Batmanglij points to “Summer Girl,” a song about drumming up positivity during a time of strife, as an example. When Danielle Haim originally brought the track to him, the name of the track was “Sunny Girl.”

“As humans, certain words ricochet, they create sets of associations that can confuse us,” he explains. “I felt like the word ‘sunny’ was one of those words—whereas the word ‘summer’ is this word that everybody has different emotions, a broad range of feelings and memories attached to it. And that’s good.”

Rostam Batmanglij photographed by Daniel Jack Lyons for W Magazine; styled by Tara Boyette. Batmanglij wears his own clothing.

At one point in our conversation, I recall that Pharrell, another acclaimed producer-slash-solo-artist-slash-creative-slash-however-you’d-like-to-categorize-him, has equated production work to being a therapist. Sessions with artists, he contends, are often deeply soul-searching, heartfelt, steeped in tearful revelations. Batmanglij turns that nugget of information over in his head.

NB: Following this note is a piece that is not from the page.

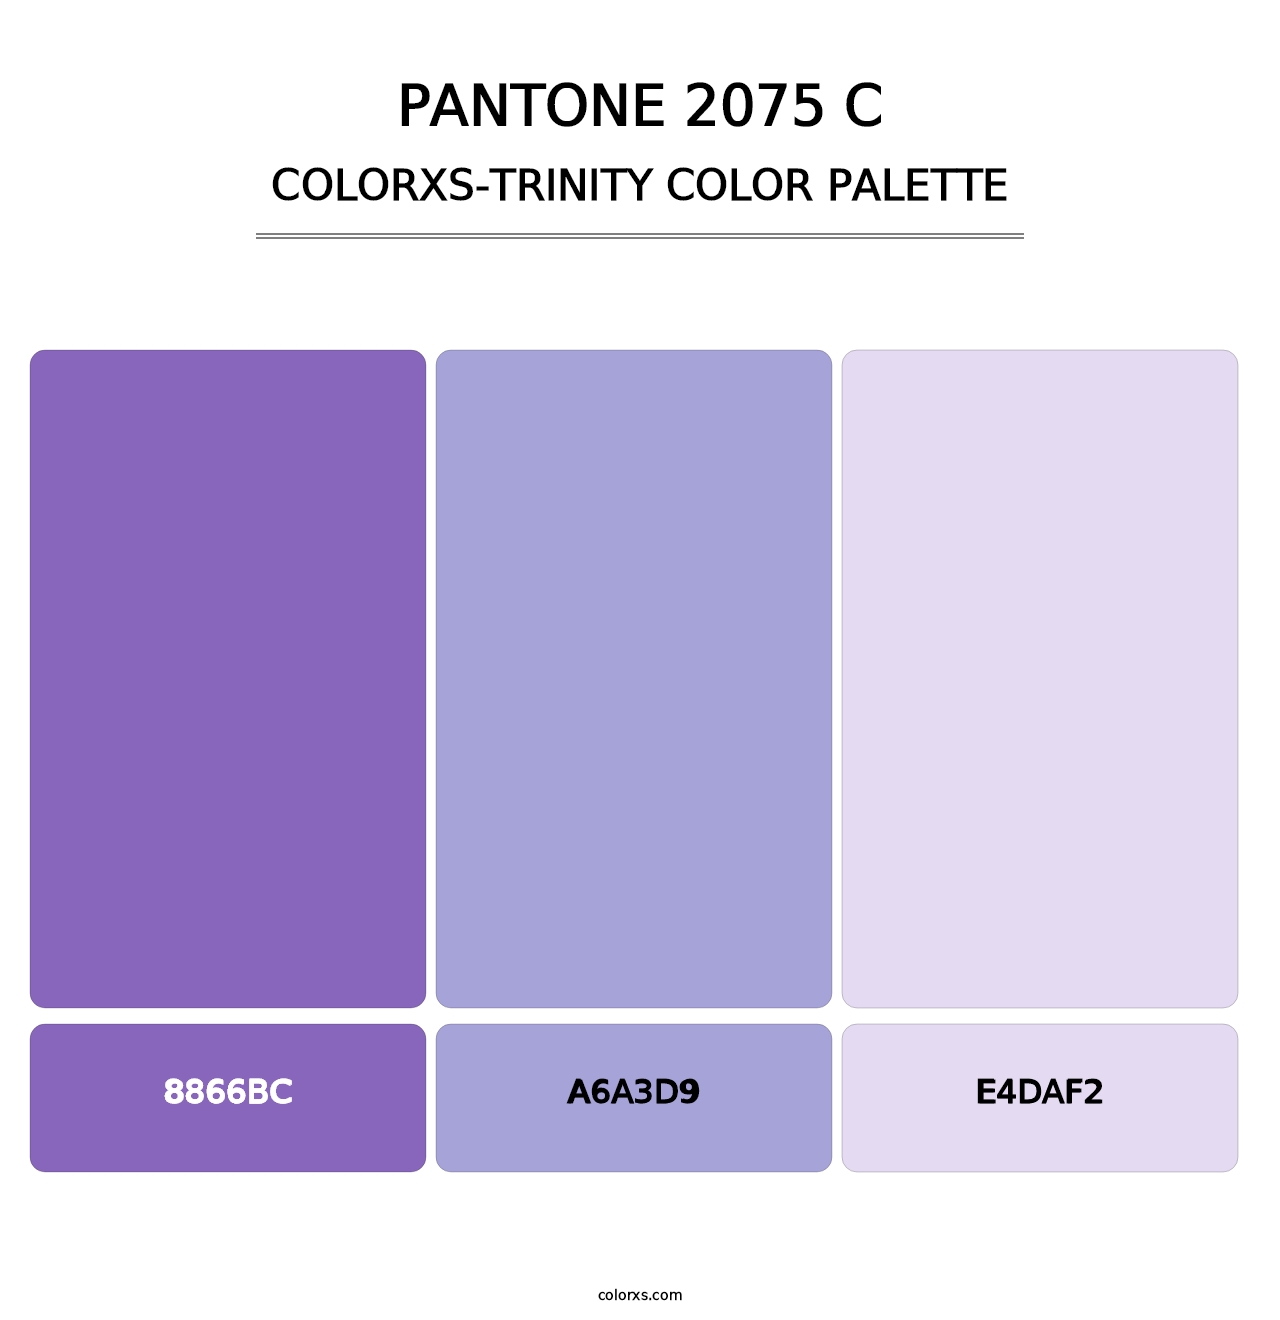 PANTONE 2075 C - Colorxs Trinity Palette

“One person whose career was always a model to me is Pharrell,” he responds. “As somebody who makes music on their own and also makes music with other people as a producer, I sometimes have felt this energy from people around me, or just out there in the world, that says, ‘Why? Why are you being a producer, when you’ve just come off doing stuff as an artist, or why are you being an artist when you’ve just had a lot of success in the last couple of years as a producer? What’s cool about someone like Pharrell is nobody asks why, and that’s where I’d like to land.

“Maybe I’m getting close to there,” he says, smiling.